我正在做家庭作业,我一直被困扰着几个小时,一直在寻找如何为神经网络随机数生成的权重正确设置尺寸。无论我阅读了多少篇文章,还是我在Google搜索上发表的文章,都找不到解决方案。每次更改尺寸时,基于传入X_train集的尺寸,该程序最终都会出现“ ValueError:操作数无法与形状(X,X)(y,y)一起广播”的情况。主要问题是点积对2d数组进行数学运算的复杂方式。我不知道该去哪里,所以我在这里。我将发布成本和示例输出以提供尽可能多的信息,并每小时检查一次,以查看是否有人可以解决此问题。我真正需要的是一种千篇一律的方式说...如果您要推送一个n维数组,则权重应为这些维,权重应为这些维,权重为3,依此类推...依此类推不是兼容性错误。
我尝试在互联网上寻找一种基于数据结构传入维度来解密权重的方法。
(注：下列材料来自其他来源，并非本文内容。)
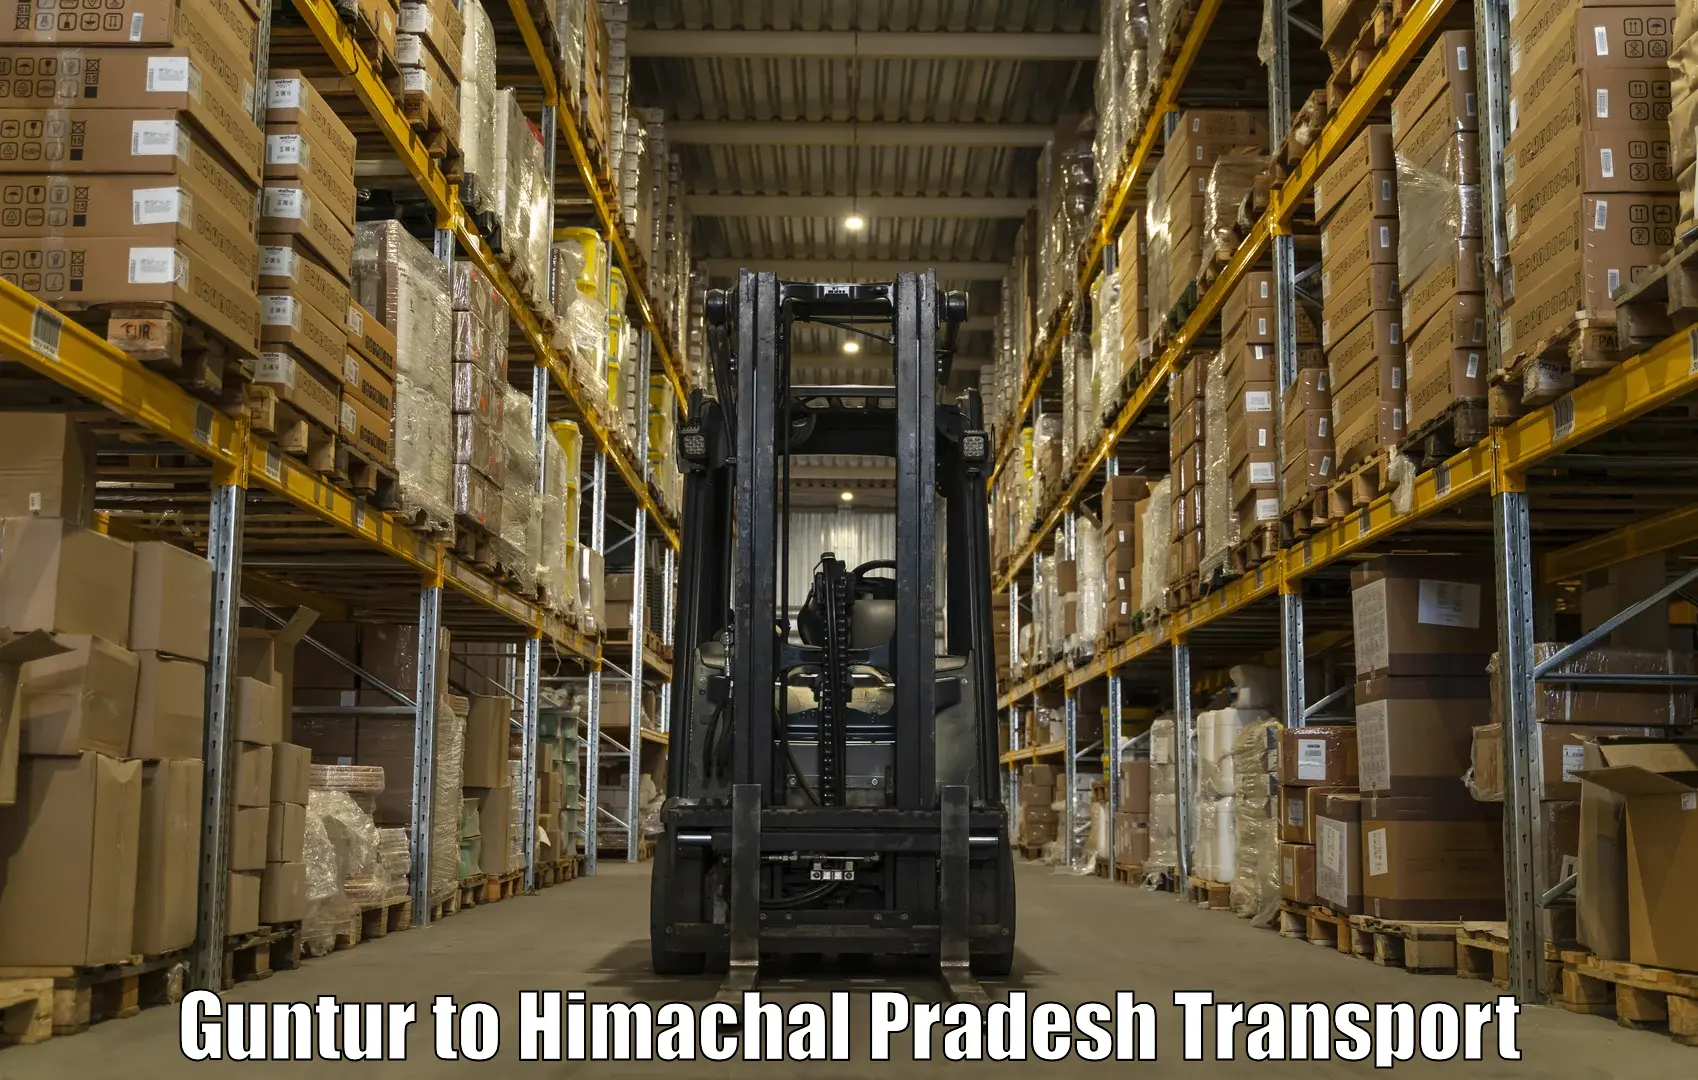 Furniture transport service Guntur to Himachal Pradesh

即行和列。
import numpy as np
import pandas as pd
from numpy import tanh
from sklearn.preprocessing import StandardScaler
from sklearn.model_selection import train_test_split
class NeuralNetwork():
def __init__(self):
print('constructor working...')
self.inputsize = 4
self.outputsize = 4
self.hiddensize = 1
self.W1 = np.random.randn(self.inputsize, self.hiddensize)
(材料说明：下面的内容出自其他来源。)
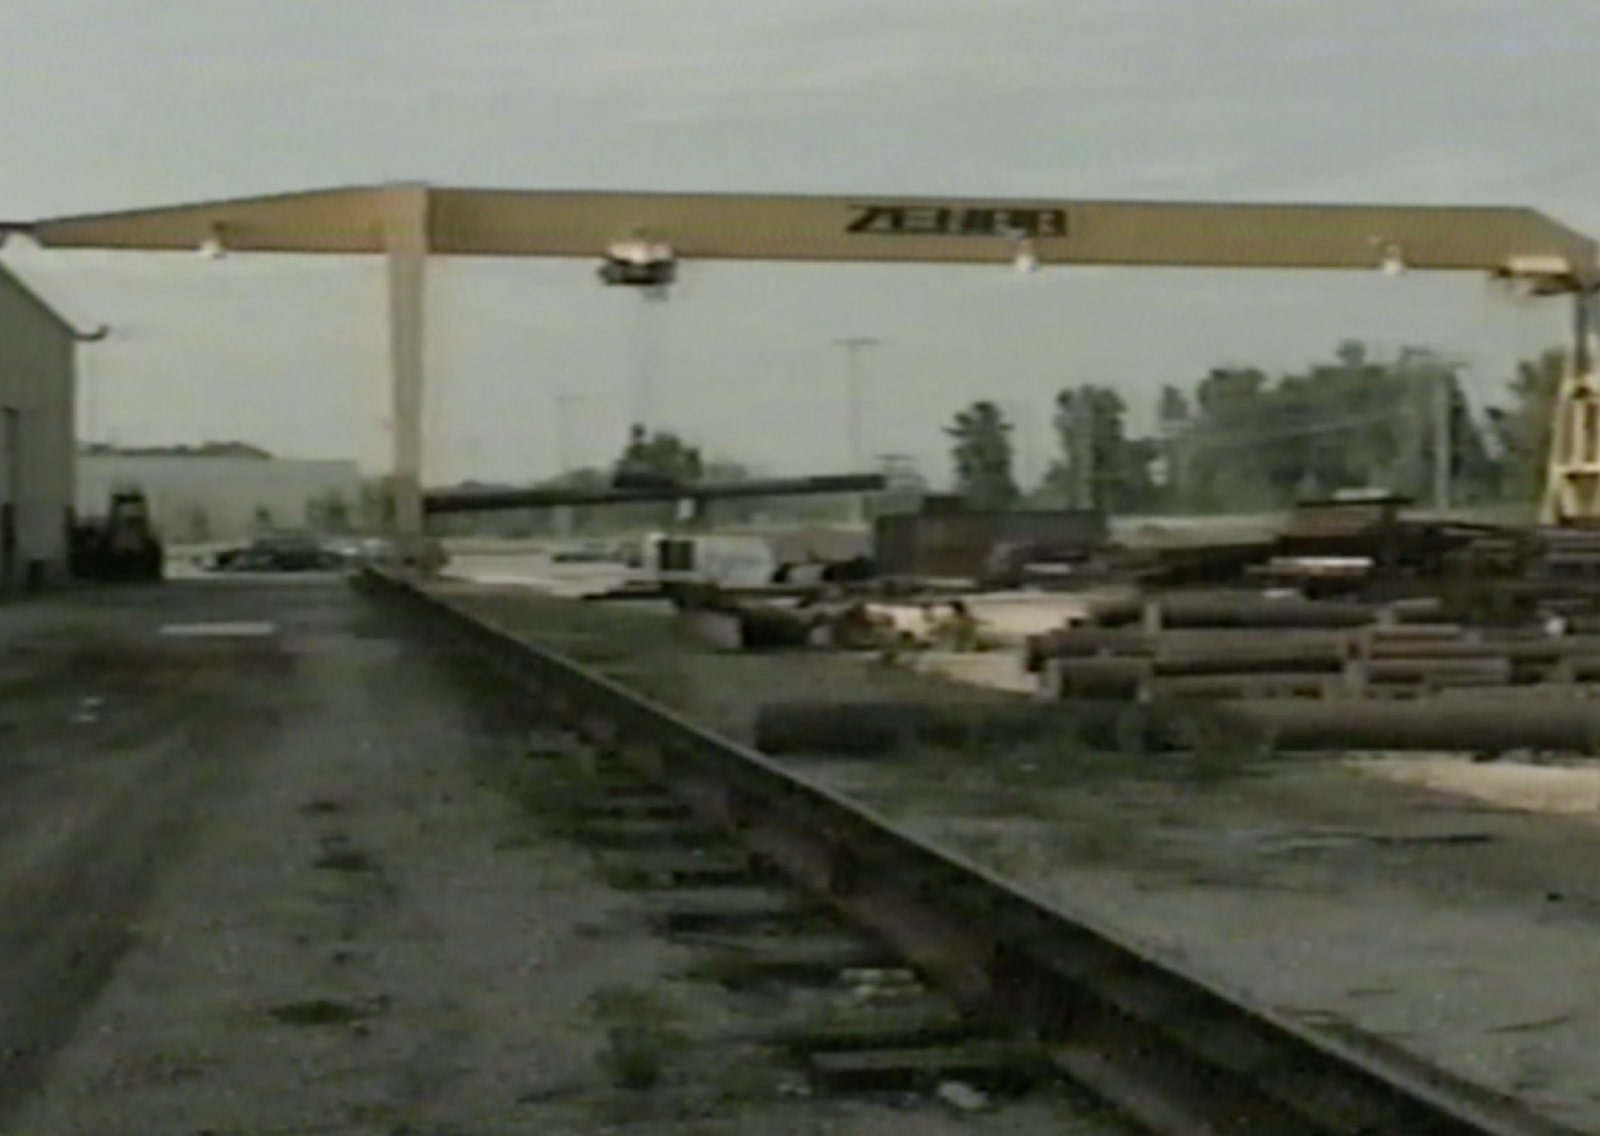 Image from VHS of old Zenar crane

self.W2 = np.random.randn(self.hiddensize, self.outputsize)
def forward(self, X):
#print('forward - X:\n', X)
self.z = np.dot(X, self.W1)
#print('forward - self.z:\n', self.z)
self.z2 = self.sigmoid(self.z)
#print('forward - self.z2:\n', self.z2)
self.z3 = np.dot(self.z2, self.W2)
#print('forward - self.z3:\n', self.z3)
o = self.sigmoid(self.z3)
print('forward - o:\n', o)
print('forward shape of o:\n', o.shape)
print('forward shape of X:\n', X.shape)
return o
def sigmoid(self, s):
#print('sigmoid:\n', (1/(1+np.exp(-s))))
return(1/(1+np.exp(-s)))
def sigmoidPrime(self, s):
return(s * (1 - s))
def backward(self, X, y, o):
print('backward - X:\n',X,'\ny:\n',y,'\no:\n',o)
self.o_error = y - o
print('backward - o_error:\n', self.o_error)
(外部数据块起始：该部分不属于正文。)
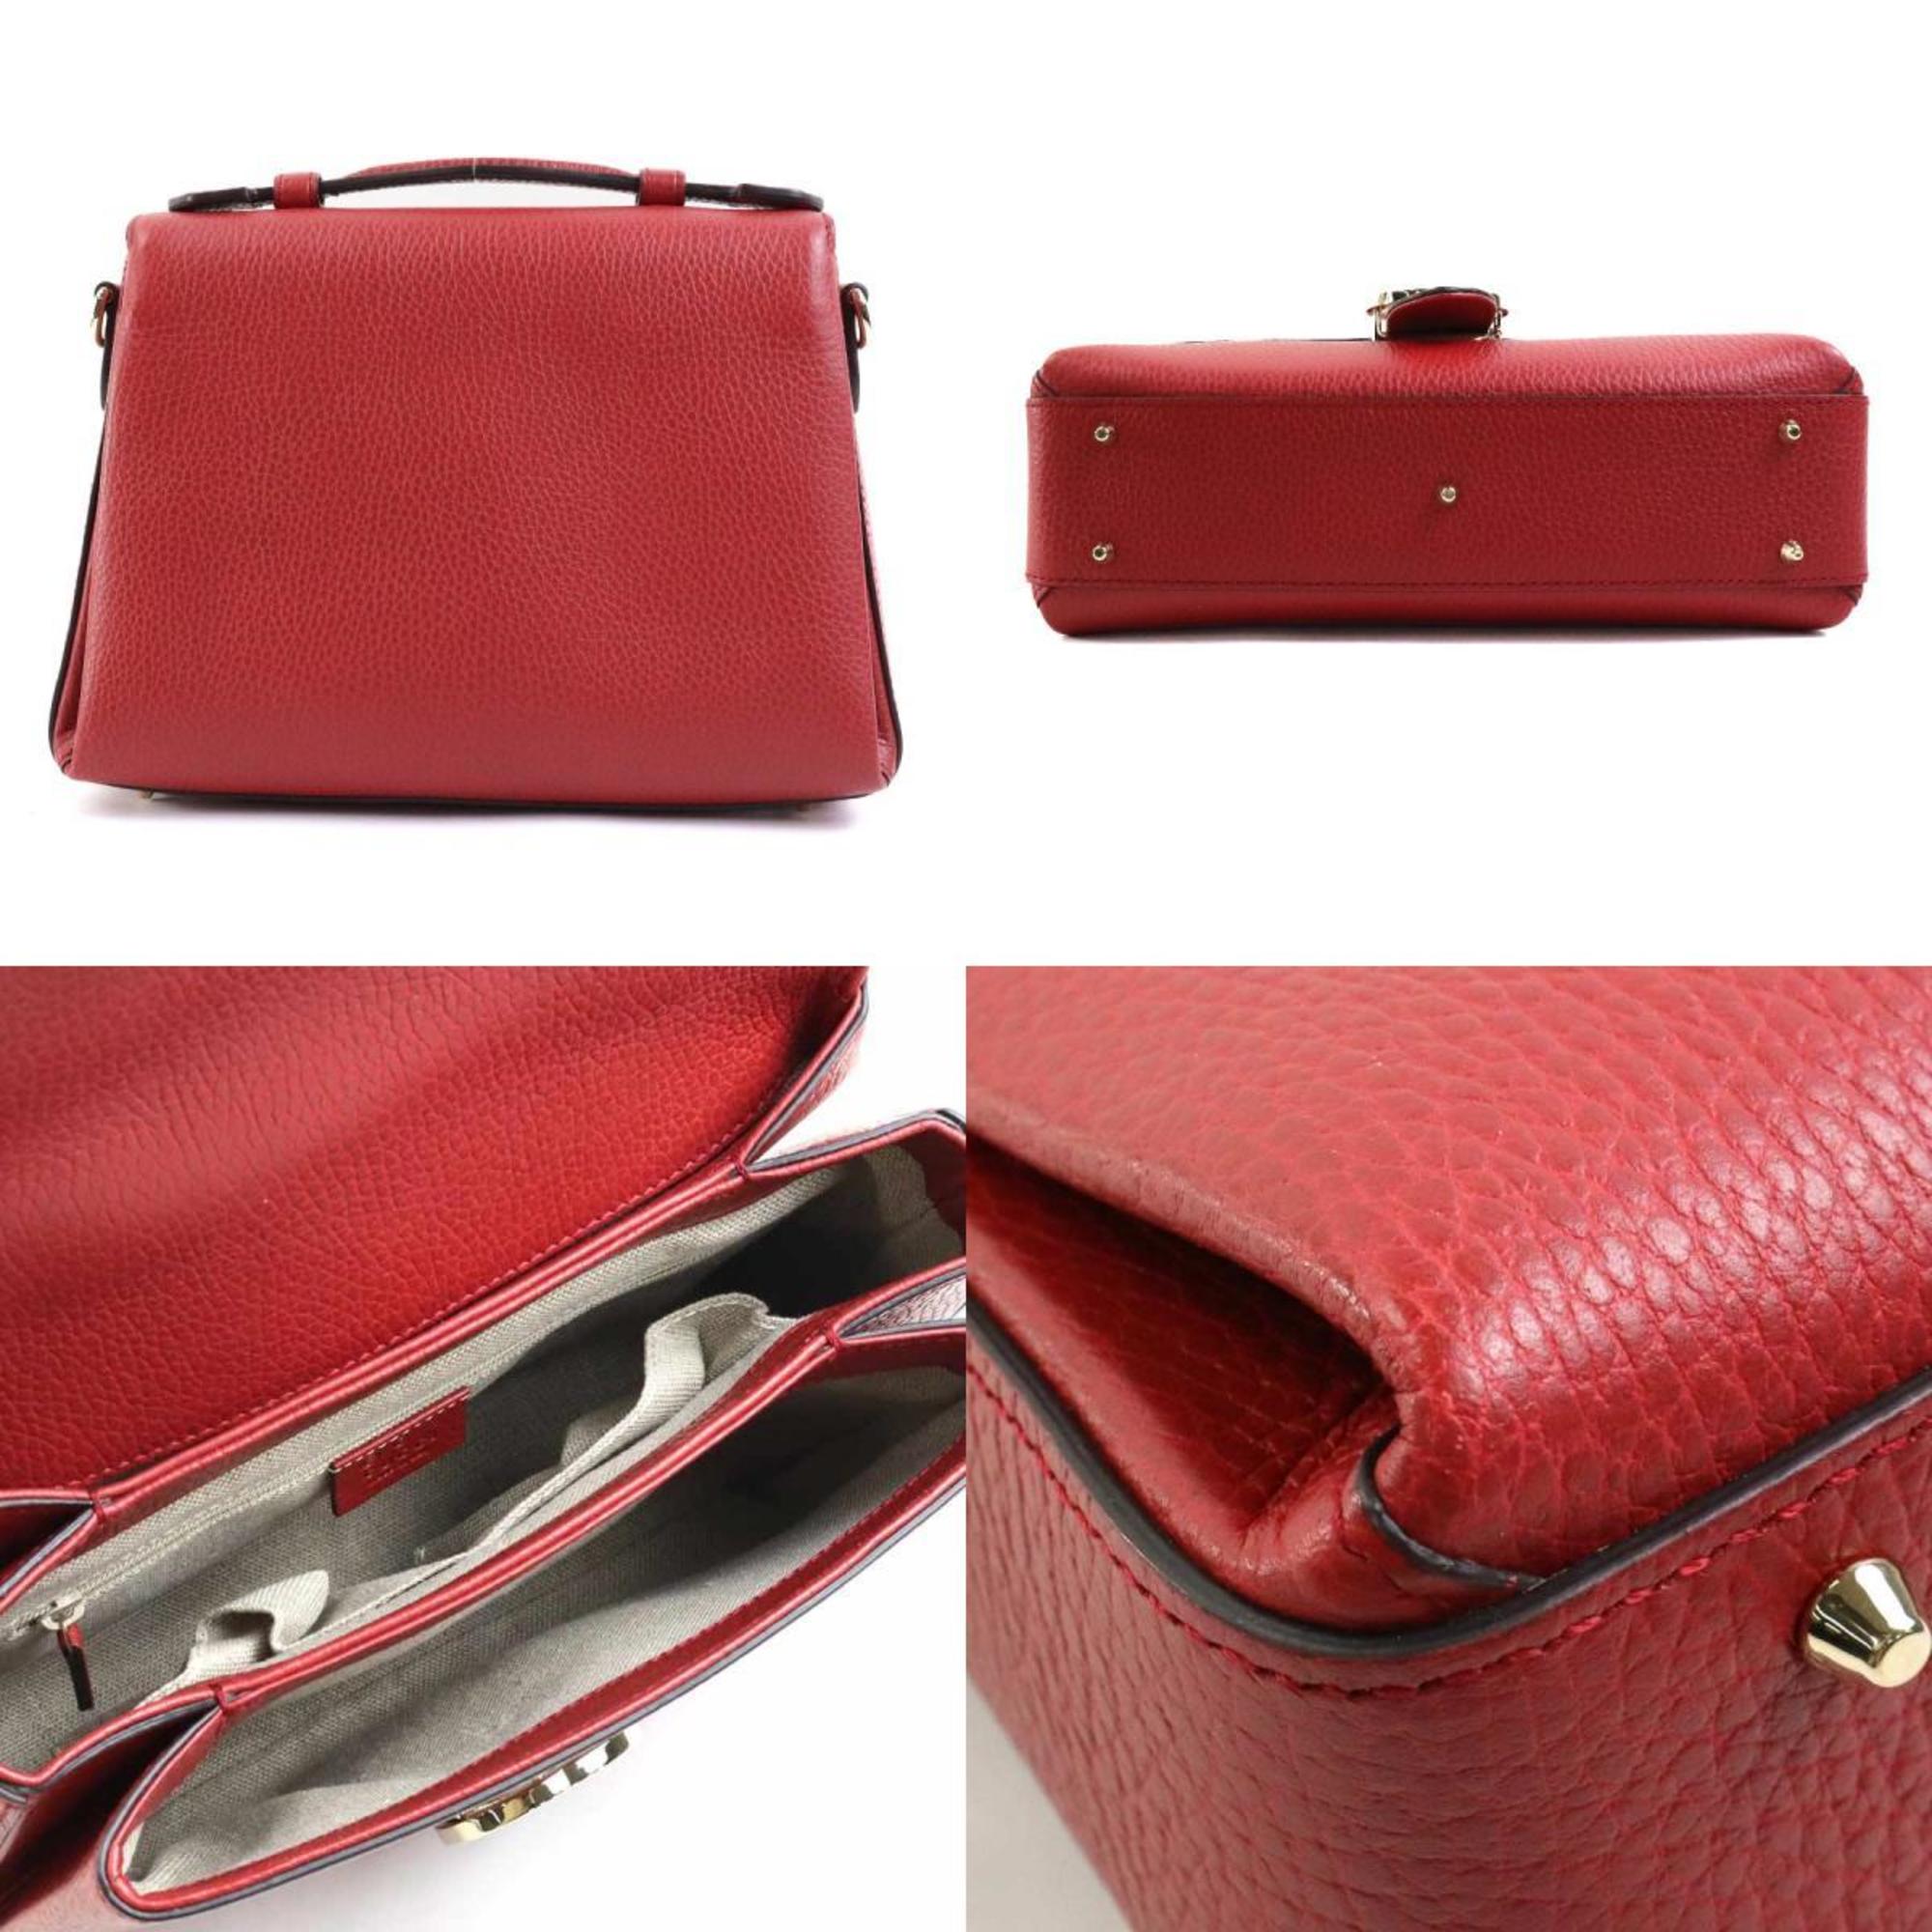 GUCCI Handbag Shoulder Bag Interlocking G Leather/Metal Dark Red/Gold Women's 510302 e58443f

self.o_delta = self.o_error * self.sigmoidPrime(o)
print('backward - o_delta:\n', self.o_delta)
self.z2_error = self.o_delta.dot(self.W2.T)
print('backward - z2_error:\n', self.z2_error)
self.z2_delta = self.z2_error * self.sigmoidPrime(self.z2)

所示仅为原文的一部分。